README - MCP Server × PostgreSQL on MIMIC‑IV by ambakick

MCP Server × PostgreSQL on MIMIC‑IV

Project goal: Evaluate whether a Model Context Protocol (MCP) Server layered on Azure Database for PostgreSQL can match—or outperform—direct SQL while reducing developer effort for large‑scale clinical analytics.

1. Problem Statement

Clinical datasets such as MIMIC‑IV contain tens of millions of rows and hundreds of attributes. Writing and maintaining raw SQL against such breadth is error‑prone and slow. We ask:

Can an MCP‑based abstraction simultaneously improve developer productivity and sustain (or enhance) runtime efficiency compared with traditional SQL‑only workflows?

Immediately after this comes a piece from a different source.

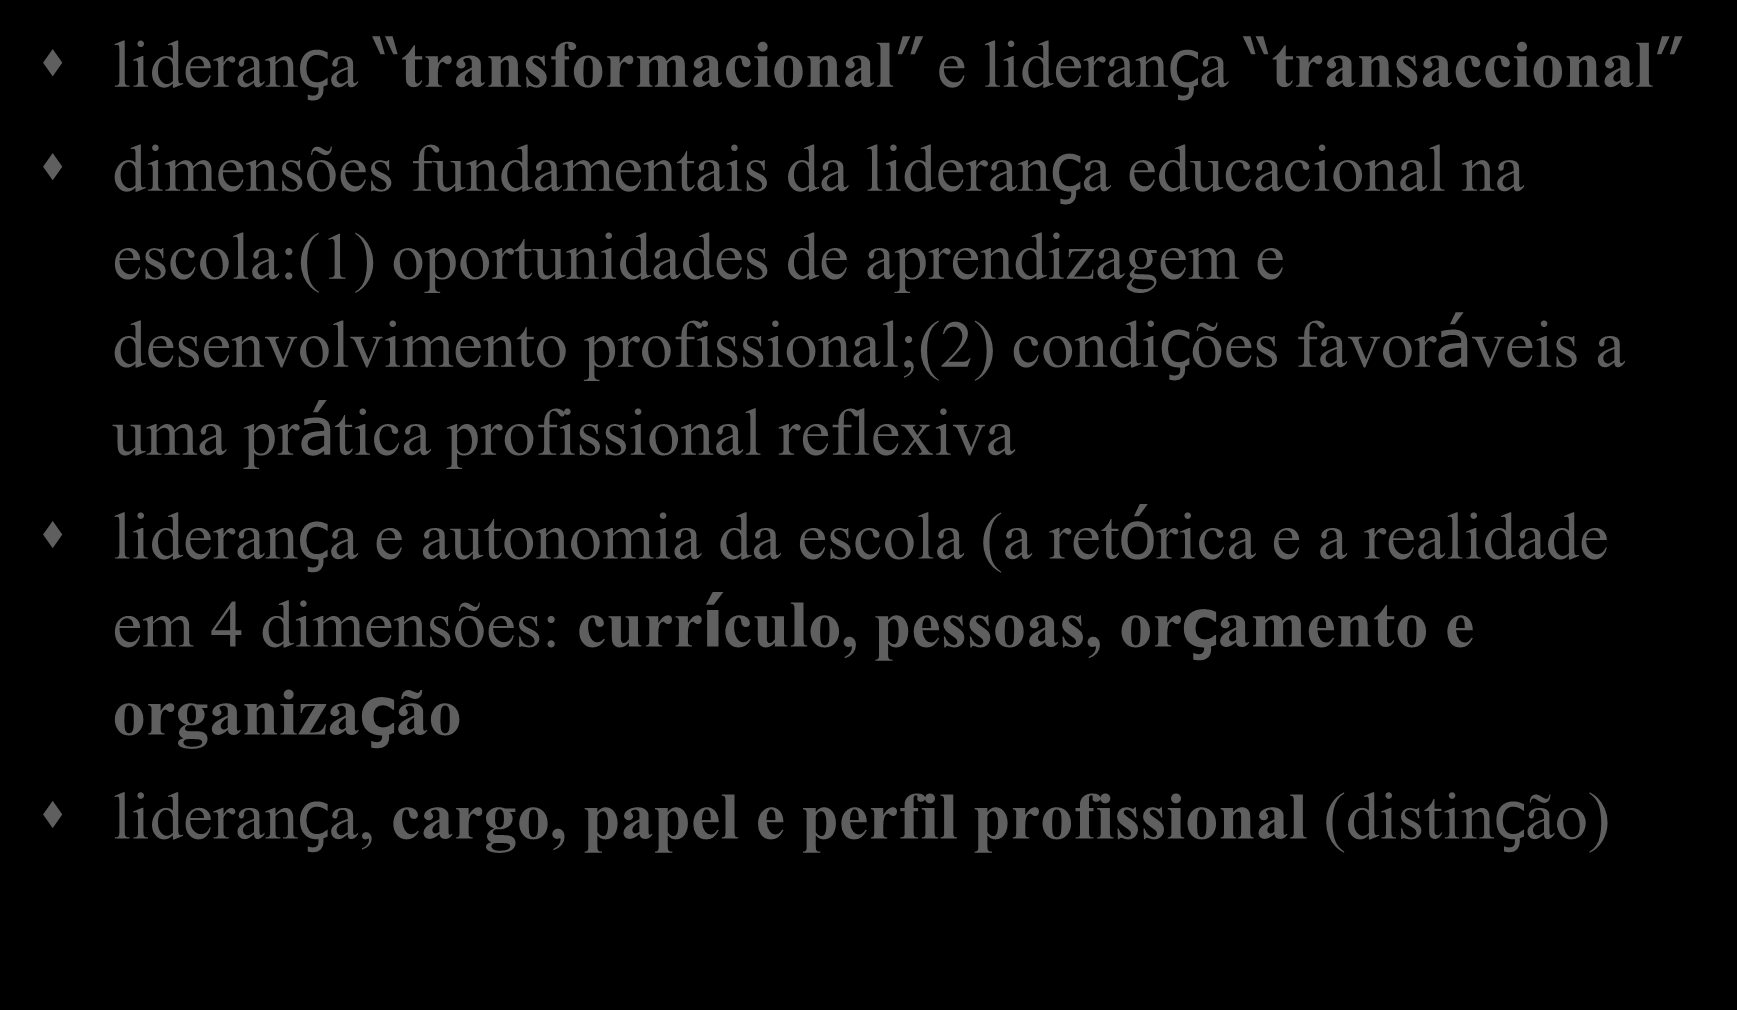 Liderança e gestão (2) liderança transformacional e liderança transaccional dimensões fundamentais da liderança educacional na escola:(1) oportunidades de aprendizagem e desenvolvimento

To answer this we compare direct SQL against an MCP Server → Postgres path on identical workloads—ranging from a simple COUNT(*) on mimiciv_hosp.emar_detail (≈ 87 M rows) to multi‑table note aggregations.

2. Repository Layout

.
├── mimic-postgres/          # Scripts to create schemas & ingest MIMIC‑IV CSVs
├── src/            # Fork of azure_postgresql_mcp with env configs
└── README.md              # This file

3. Prerequisites

Python 3.10+
Node 18+ (optional, for additional MCP tooling)
Azure Database for PostgreSQL – Flexible Server (Standard_D4s v5 or larger)
MIMIC‑IV credential & data download permission

# core libs
pip install psycopg[binary] rich click pandas matplotlib
# benchmarking
pip install httpx pytest pytest‑benchmark
# MCP server
pip install mcp[cli] azure-identity azure-mgmt-postgresqlflexibleservers

4. Dataset Loading

cd data-loading
psql "$PGURI" -f 00_create_mimiciv_note_schema.sql
psql "$PGURI" -f 01_create_emar_tables.sql
python 02_bulk_copy.py --csv-root /path/to/mimic-iv

Estimated ingest time on Standard_D4s: ~45 min for 72 GB (11.7 M note rows + 87 M EMAR rows).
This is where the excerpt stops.